Hi everybody,

I've got a code which returns to a given text an inverse index. From a list of tokens, the function produces a list sorted by the frequency.

Example:
inverted_index(['the', 'house', ',', 'the', 'beer'])
[('the', [0, 3]), ('beer', [4]), ('house', [1]), (',', [2])]

Code:

def outp(txt):
    ind = {}
    for word in txt:
        if word not in ind.keys():
            i = txt.index(word)
            ind[word] = [i]
        else:
            i = txt.index(word, ind[word][-1]+1)
            ind[word].append(i)
        sorted_ind = sorted(ind.items(), key=lsort, reverse=True)
    return sorted_ind




def lsort(kv):
    return len(kv[1])

The code works, but it's very slow.
So, my question is: How could it be written s.t. the code is faster?

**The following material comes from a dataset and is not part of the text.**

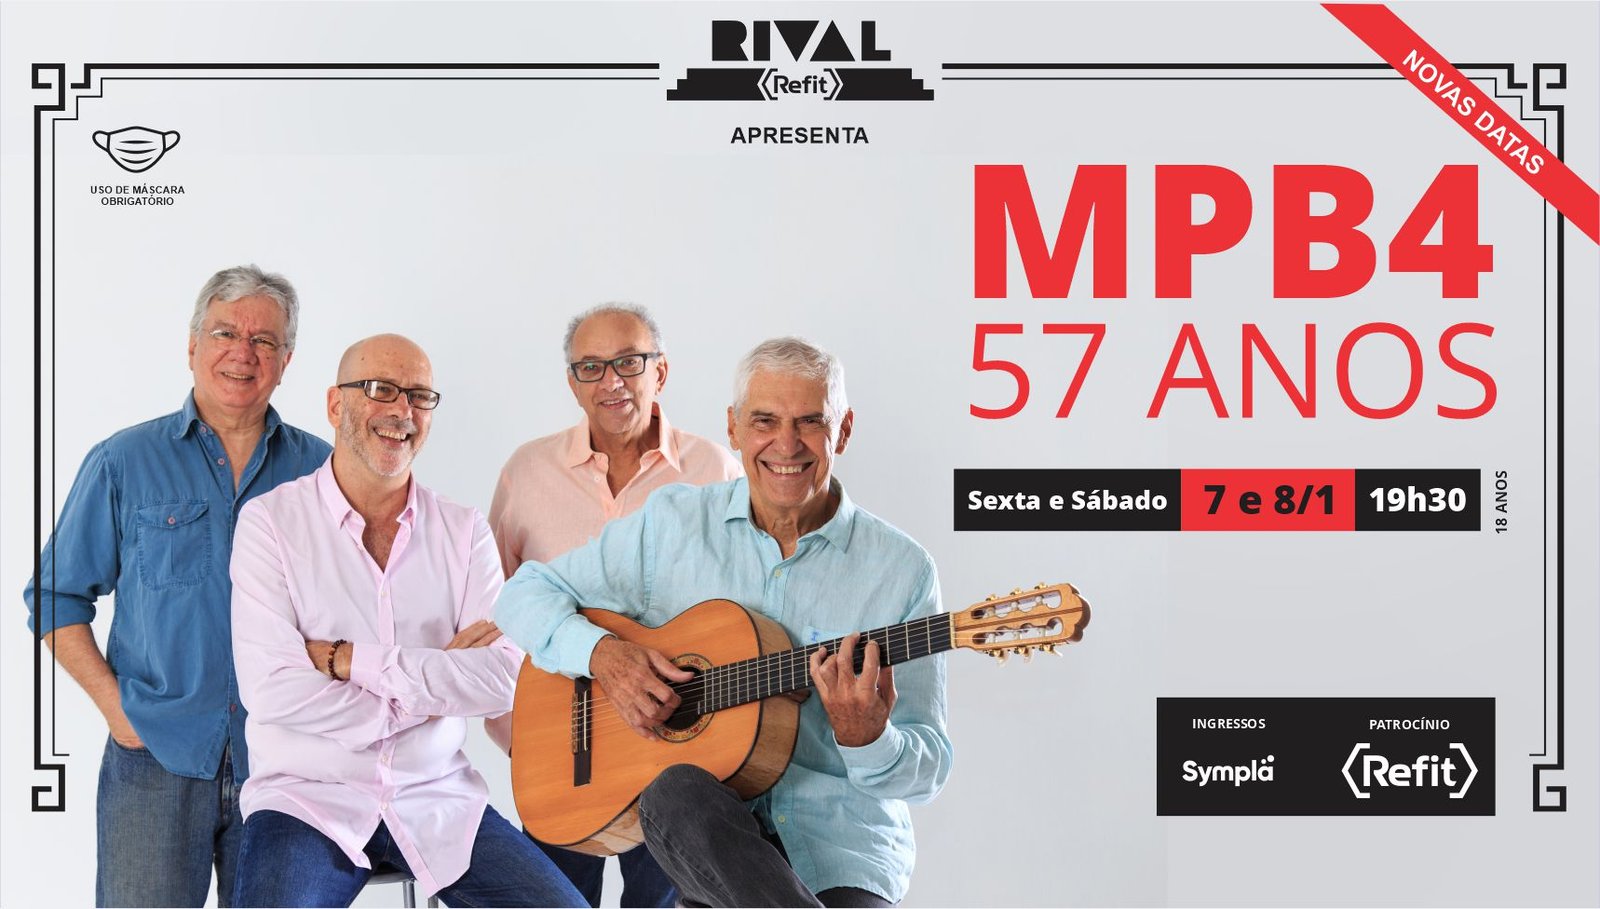 MPB4 – 57 anos – Novas datas
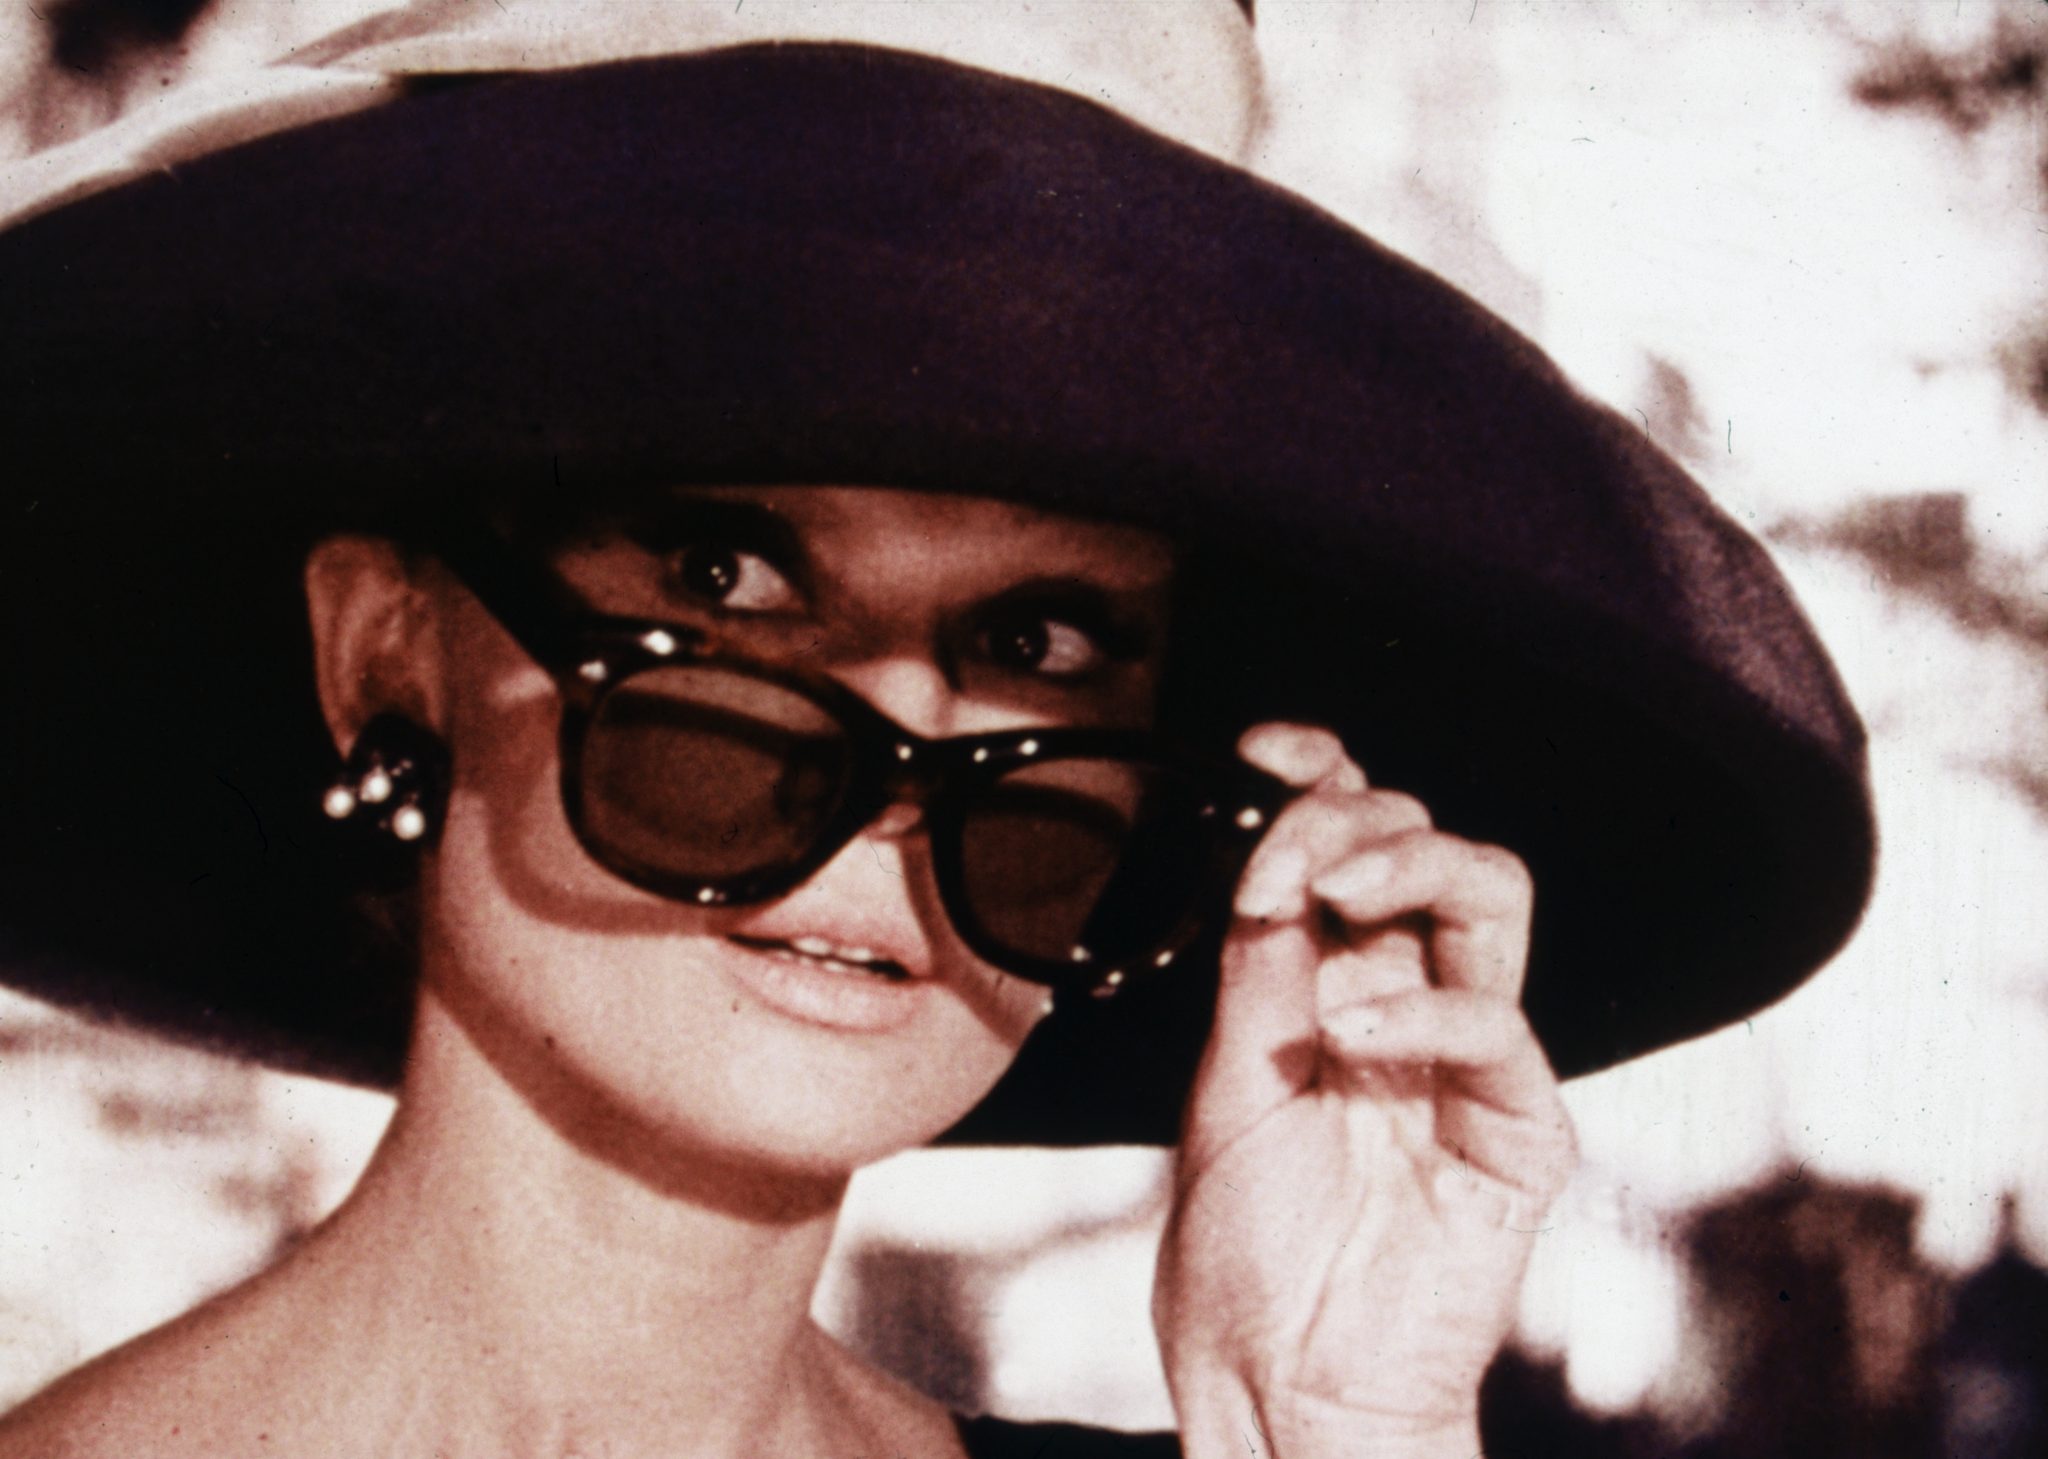 Exquisite Vintage Brand Designer Cat Eye Sunglasses Women Sun

Thanks for any propositions, Darek

Edited 4 Years Ago by Darek6

If you need to keep indexes of the words, itertools.groupby might be more useful than Counter.

This might be faster:

# create and word:index dictionary and a sorted list of index tuples

def create_index_dict(data_list):
    index_dict = {}
    for ix, word in enumerate(data_list):
        index_dict.setdefault(word, []).append(ix)
    return index_dict


data_list = ['the', 'house', ',', 'the', 'beer']
index_dict = create_index_dict(data_list)
print(index_dict)

'''
{'house': [1], 'the': [0, 3], 'beer': [4], ',': [2]}
'''

index_list = [(k, v) for k, v in index_dict.items()]
print(sorted(index_list, reverse=True))

'''
[('the', [0, 3]), ('house', [1]), ('beer', [4]), (',', [2])]
'''
Comments
fast code

I tried to do it using itertools.groupby(), but hihe's method is faster. The reason is probably that groupby() needs an initial sort, while filling a dict doesn't. Here is the comparison

#!/usr/bin/env python
# -*-coding: utf8-*-
# compare two implementations of creating a sorted index list

data_list = ['the', 'house', ',', 'the', 'beer']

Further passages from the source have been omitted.